#### Recorded information:
**********

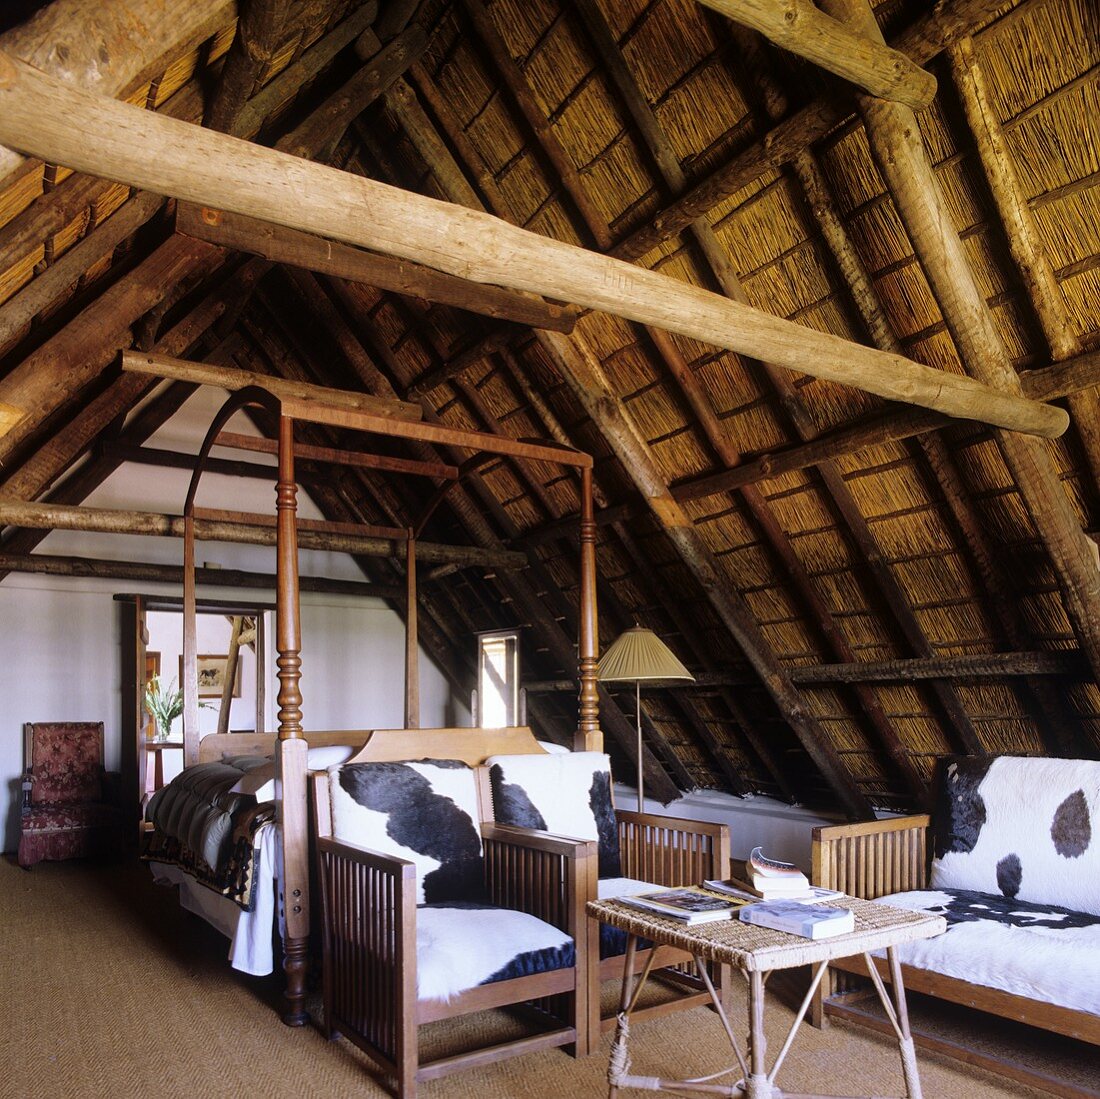 Schlafraum mit Holzstühlen und Fellbezug unter Dachstuhl mit Strohbelag im südafrikanischen Landhaus
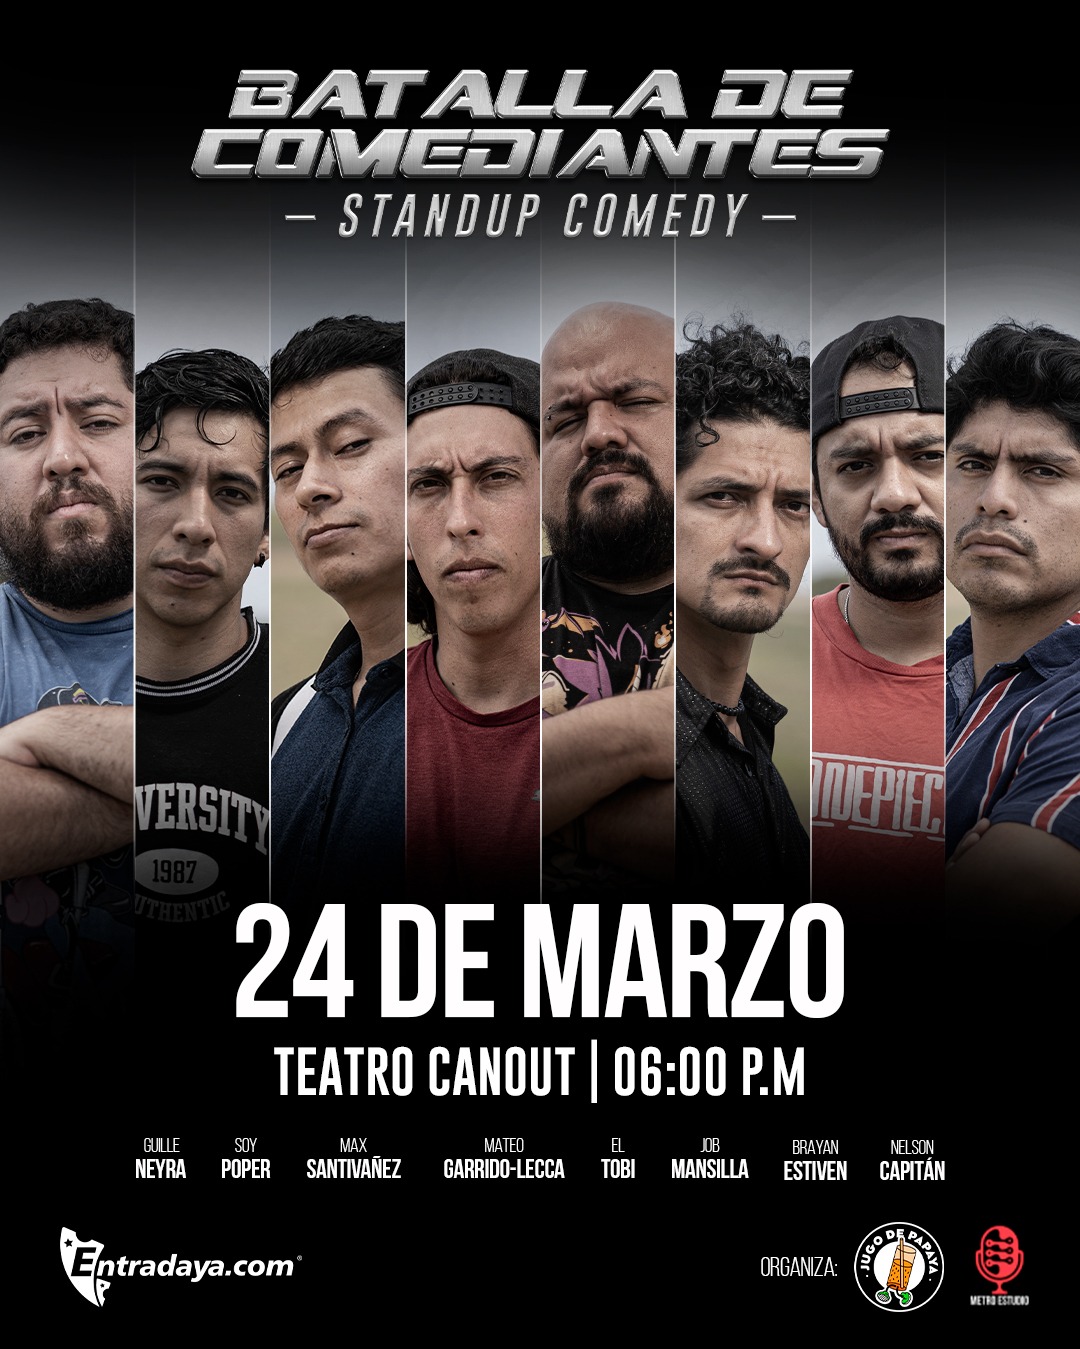 'La Batalla de los Comediantes' se realizará el 24 de marzo en el Teatro Canout / Difusión
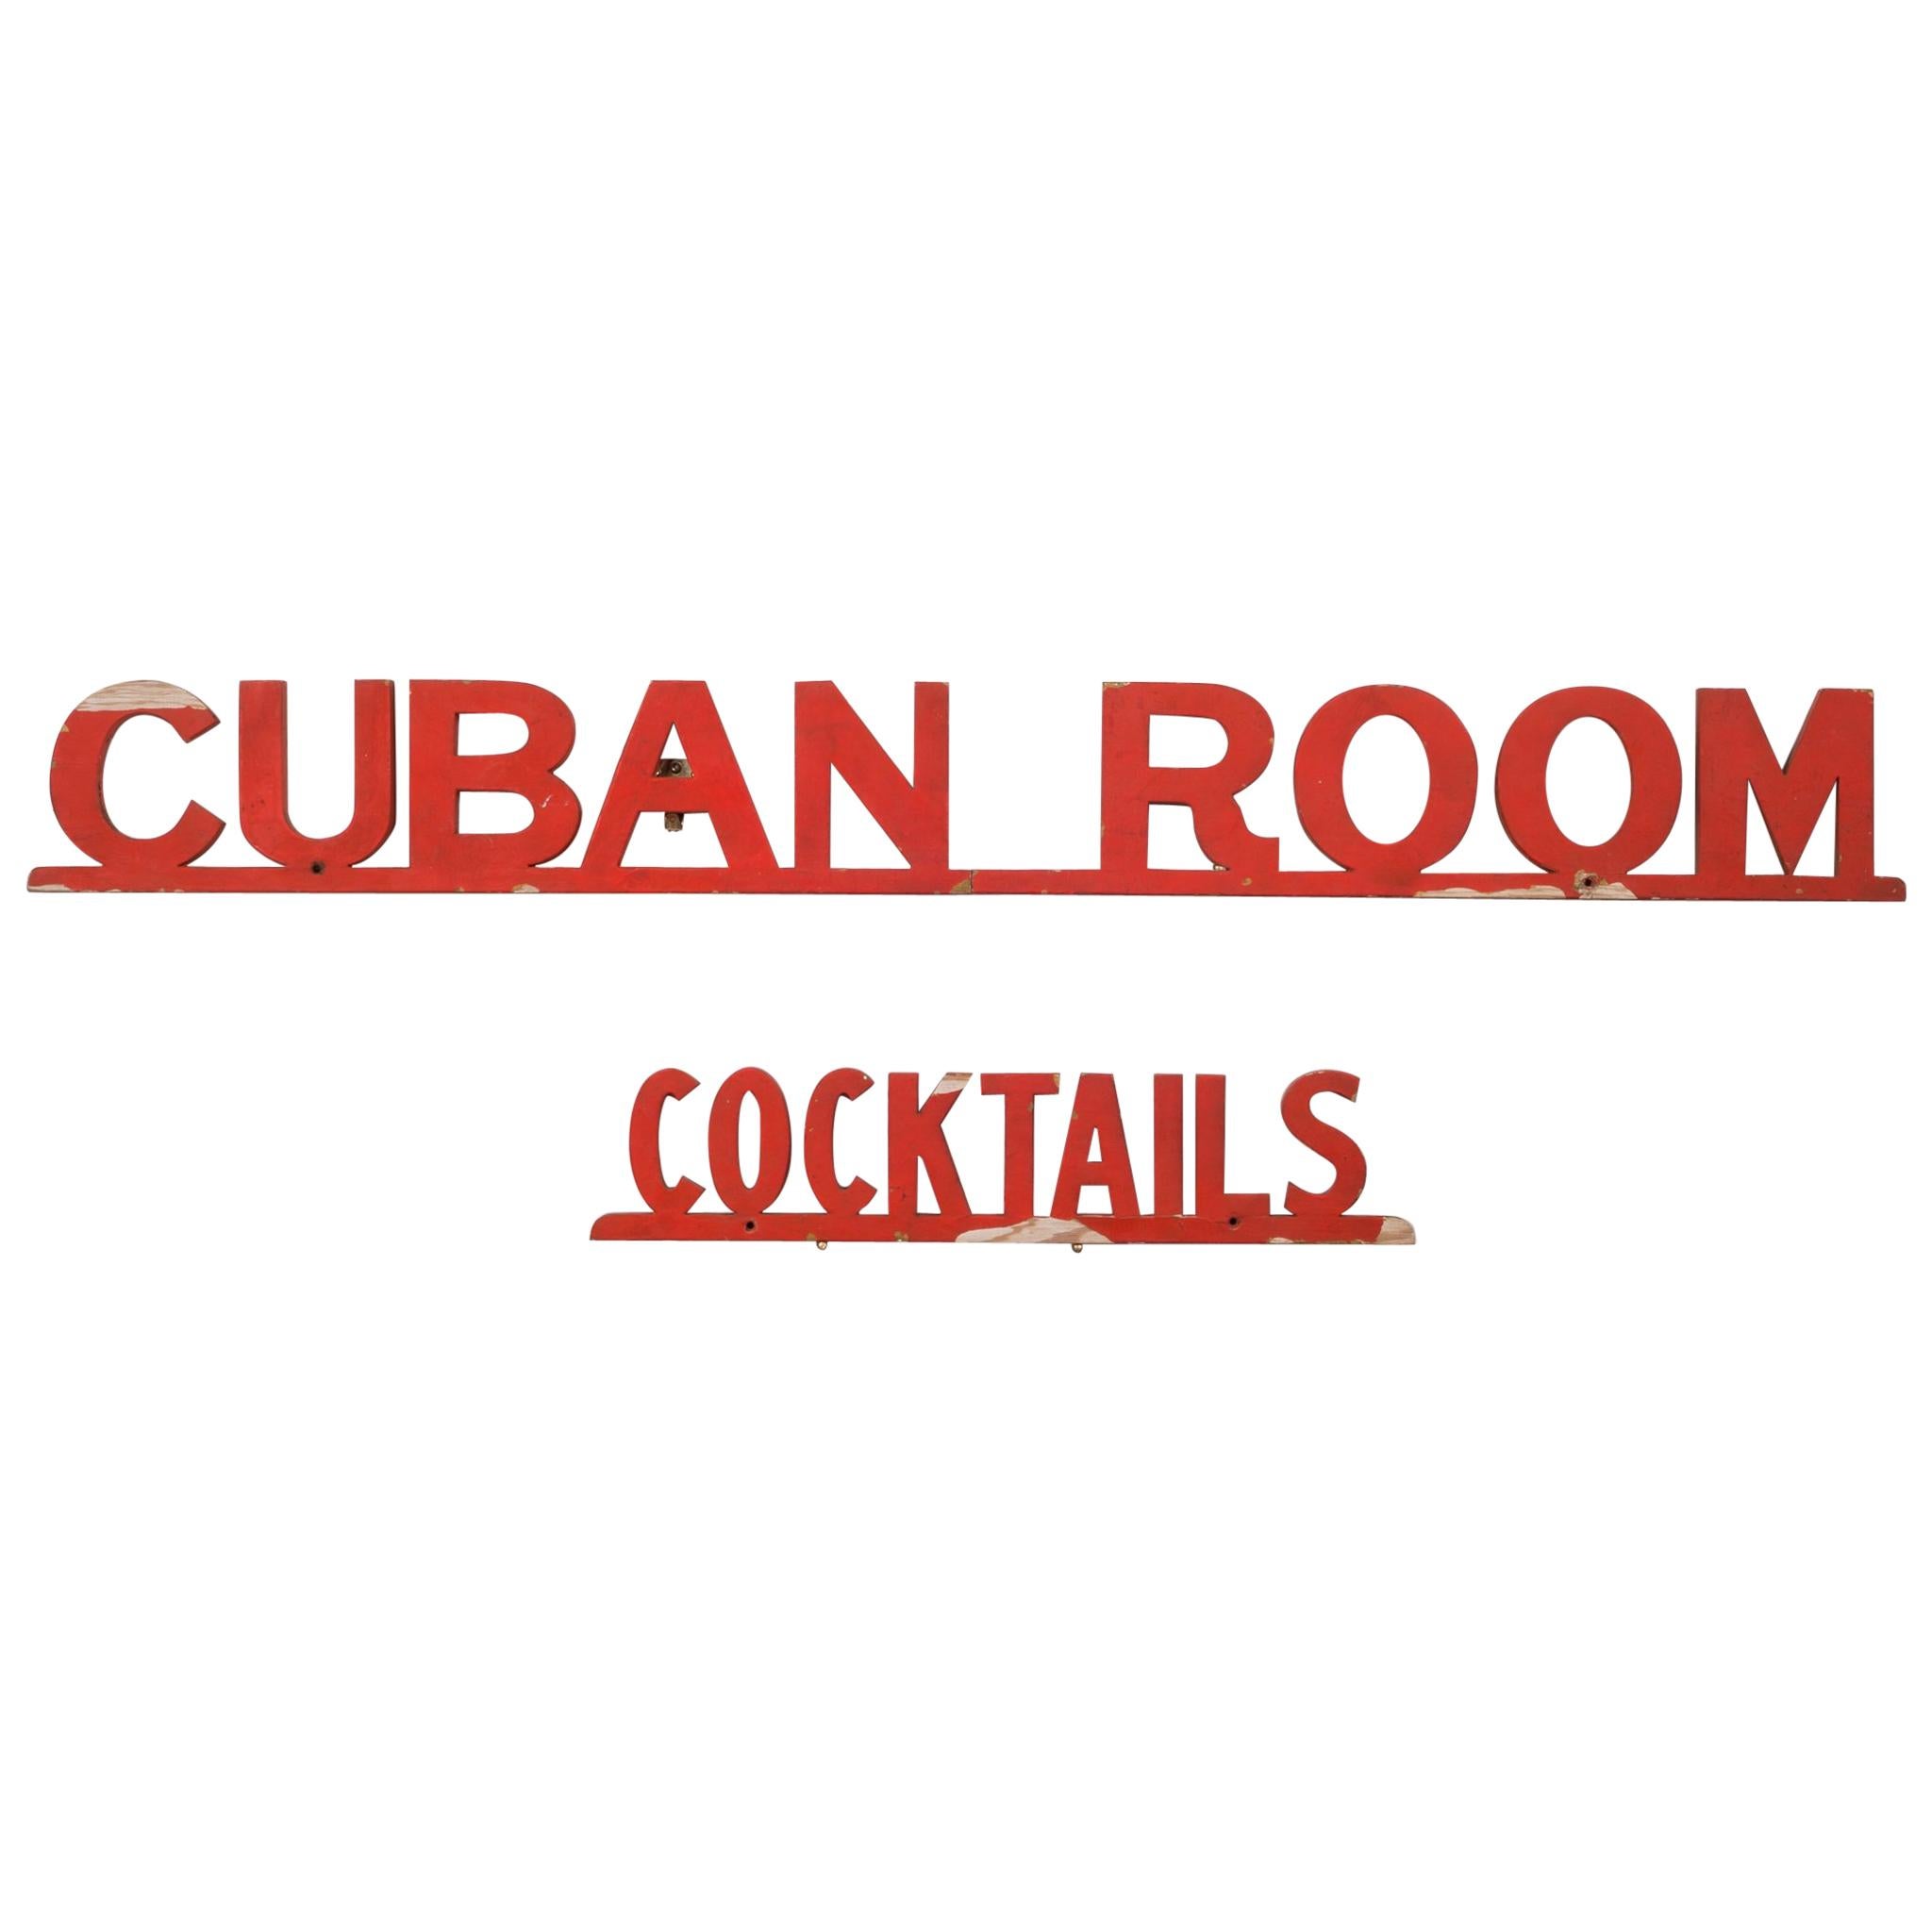 "Cuban Room Cocktails" San Francisco Club Sign, circa 1920
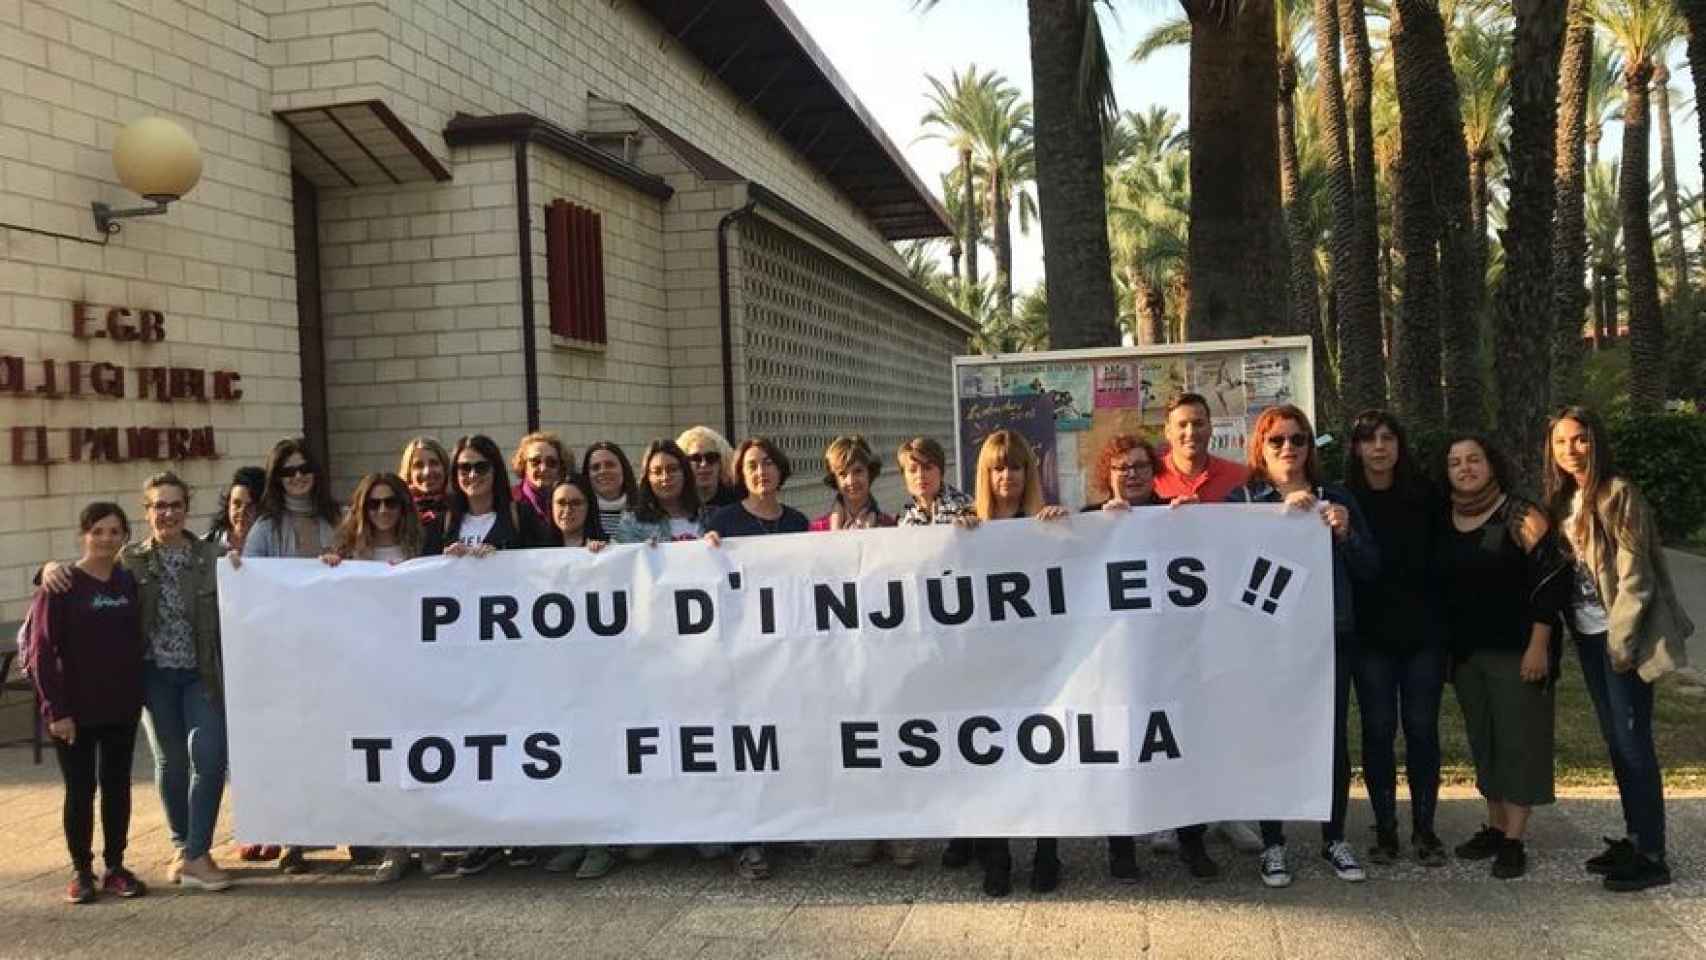 La protesta que hubo en 2018 de parte del profesorado contra las injurias que aseguran que recibieron.

**********

#### Description of the task:
With the pictures removed, set down the entire listing exactly.

#### Solution to this task:
 Schlafraum mit Holzstühlen und Fellbezug unter Dachstuhl mit Strohbelag im südafrikanischen Landhaus
 'La Batalla de los Comediantes' se realizará el 24 de marzo en el Teatro Canout / Difusión
 "Cuban Room Cocktails" San Francisco Club Sign, circa 1920
 La protesta que hubo en 2018 de parte del profesorado contra las injurias que aseguran que recibieron.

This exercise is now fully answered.